(Assignment) Reprint the lines below as they are, minus the pictures.

(Recorded information)

_ _ _

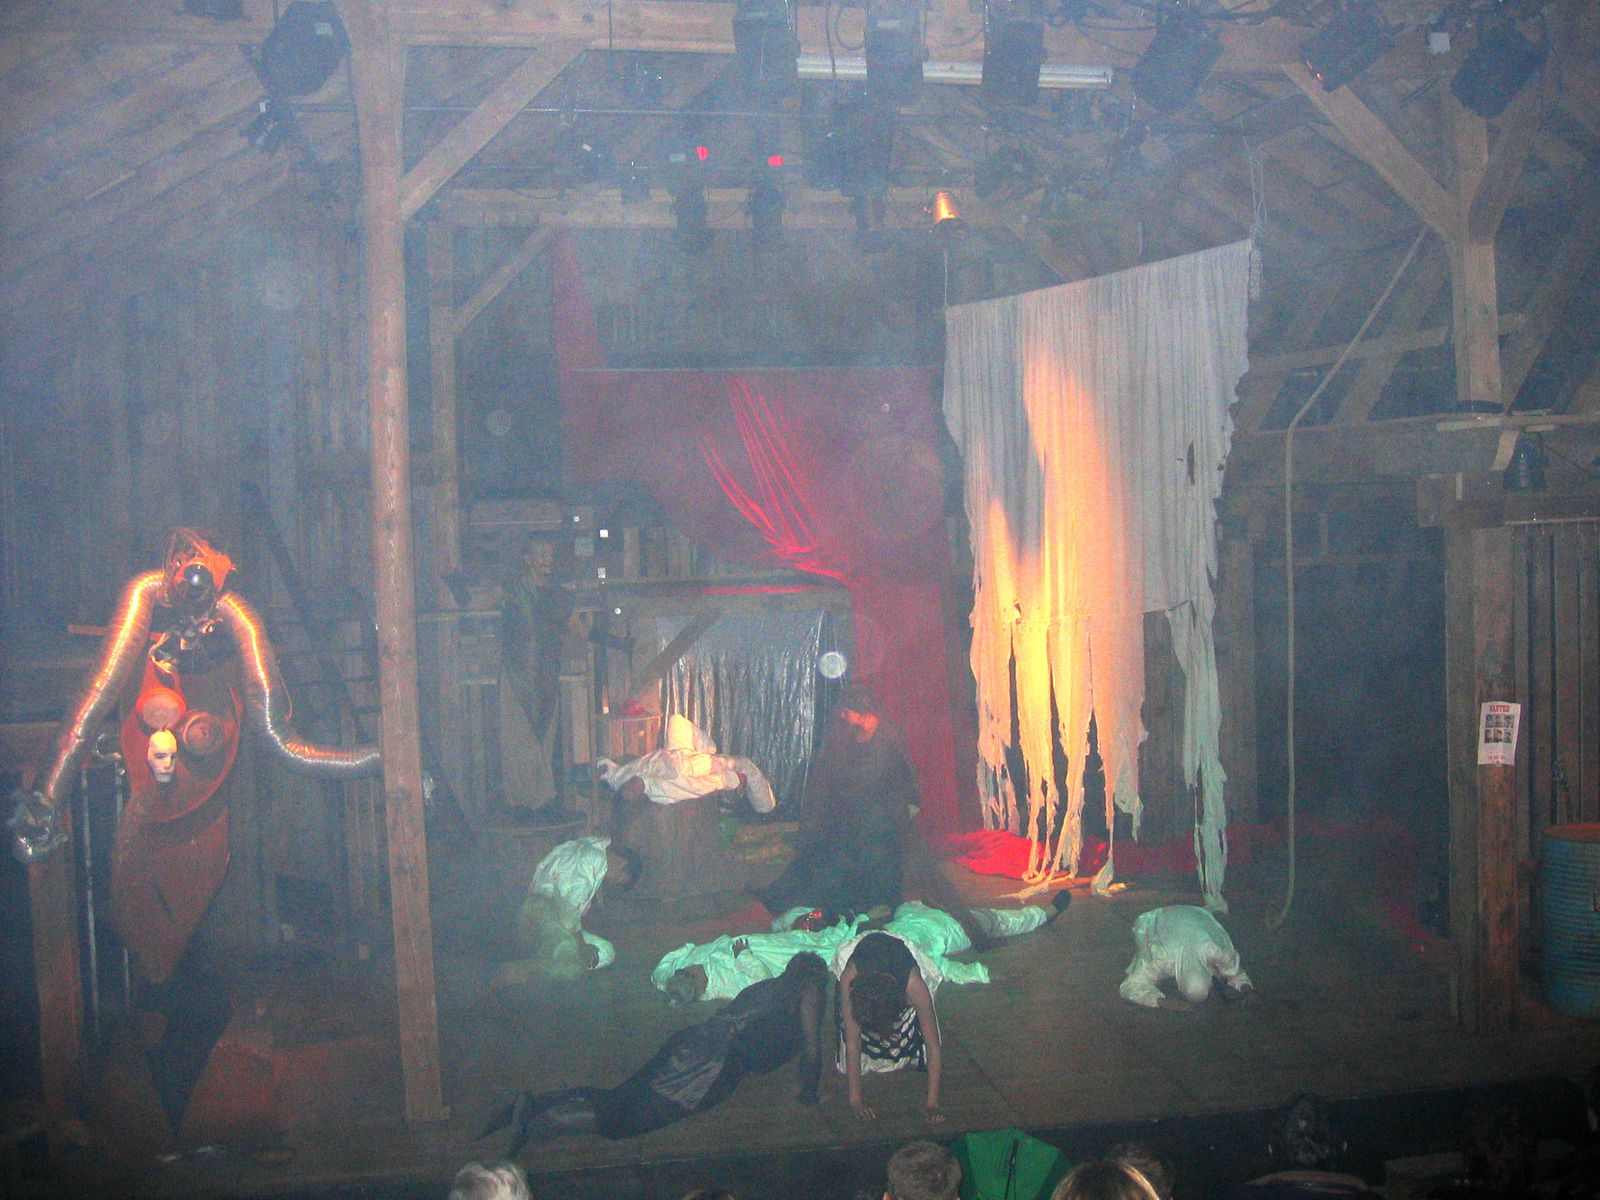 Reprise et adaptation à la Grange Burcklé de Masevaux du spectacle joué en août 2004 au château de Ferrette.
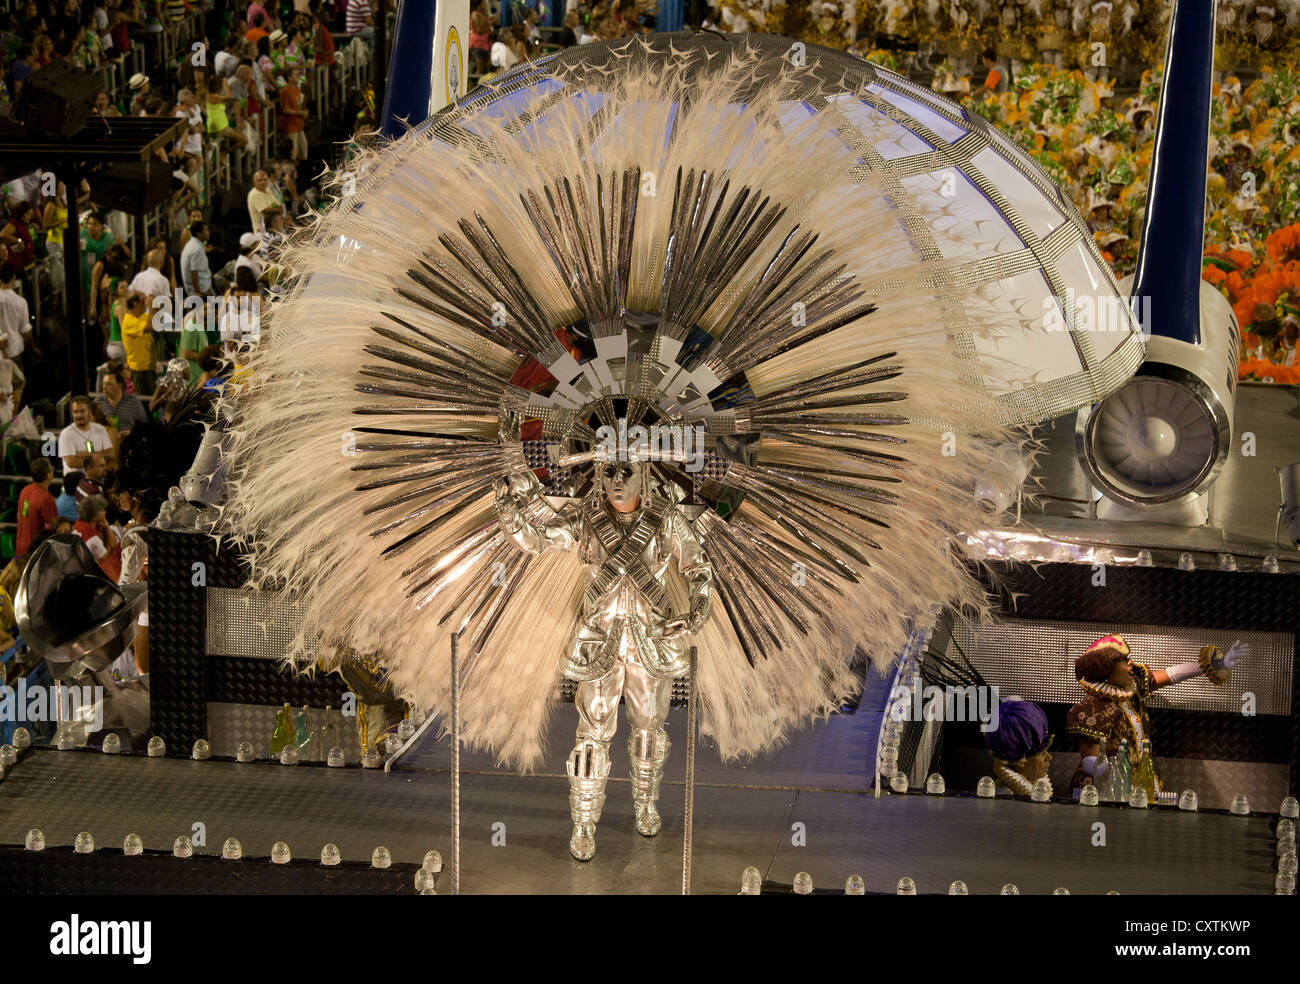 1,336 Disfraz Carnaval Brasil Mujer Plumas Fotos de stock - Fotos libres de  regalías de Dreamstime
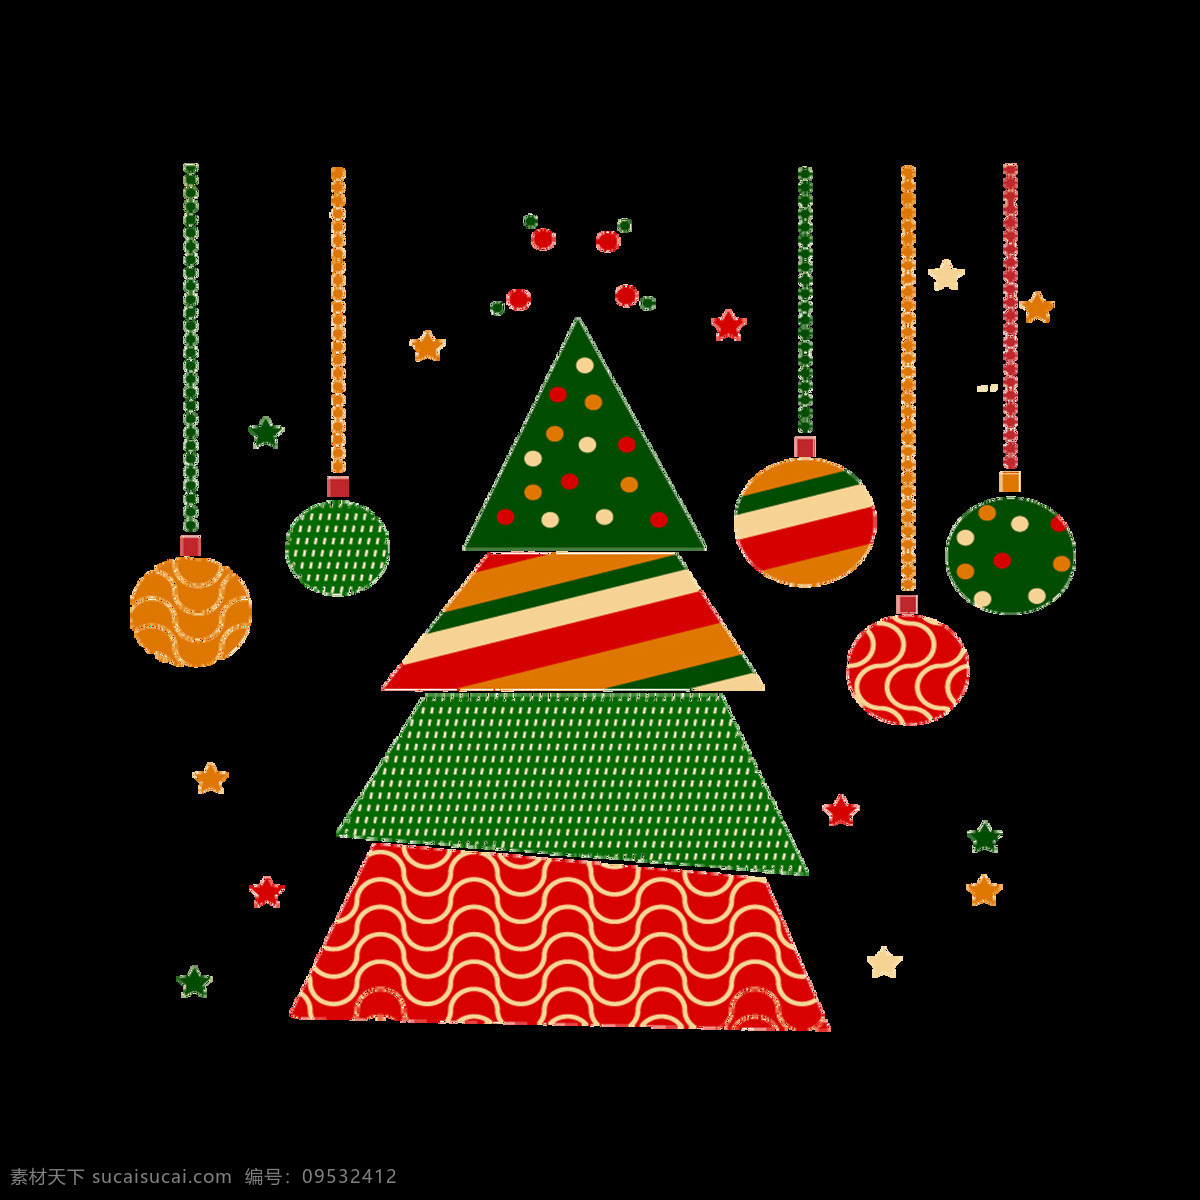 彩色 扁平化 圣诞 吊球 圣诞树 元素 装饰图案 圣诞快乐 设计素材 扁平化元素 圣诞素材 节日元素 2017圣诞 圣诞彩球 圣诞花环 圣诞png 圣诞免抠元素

_ _ _

(Result below)
 Reprise et adaptation à la Grange Burcklé de Masevaux du spectacle joué en août 2004 au château de Ferrette.
 1,336 Disfraz Carnaval Brasil Mujer Plumas Fotos de stock - Fotos libres de  regalías de Dreamstime
 彩色 扁平化 圣诞 吊球 圣诞树 元素 装饰图案 圣诞快乐 设计素材 扁平化元素 圣诞素材 节日元素 2017圣诞 圣诞彩球 圣诞花环 圣诞png 圣诞免抠元素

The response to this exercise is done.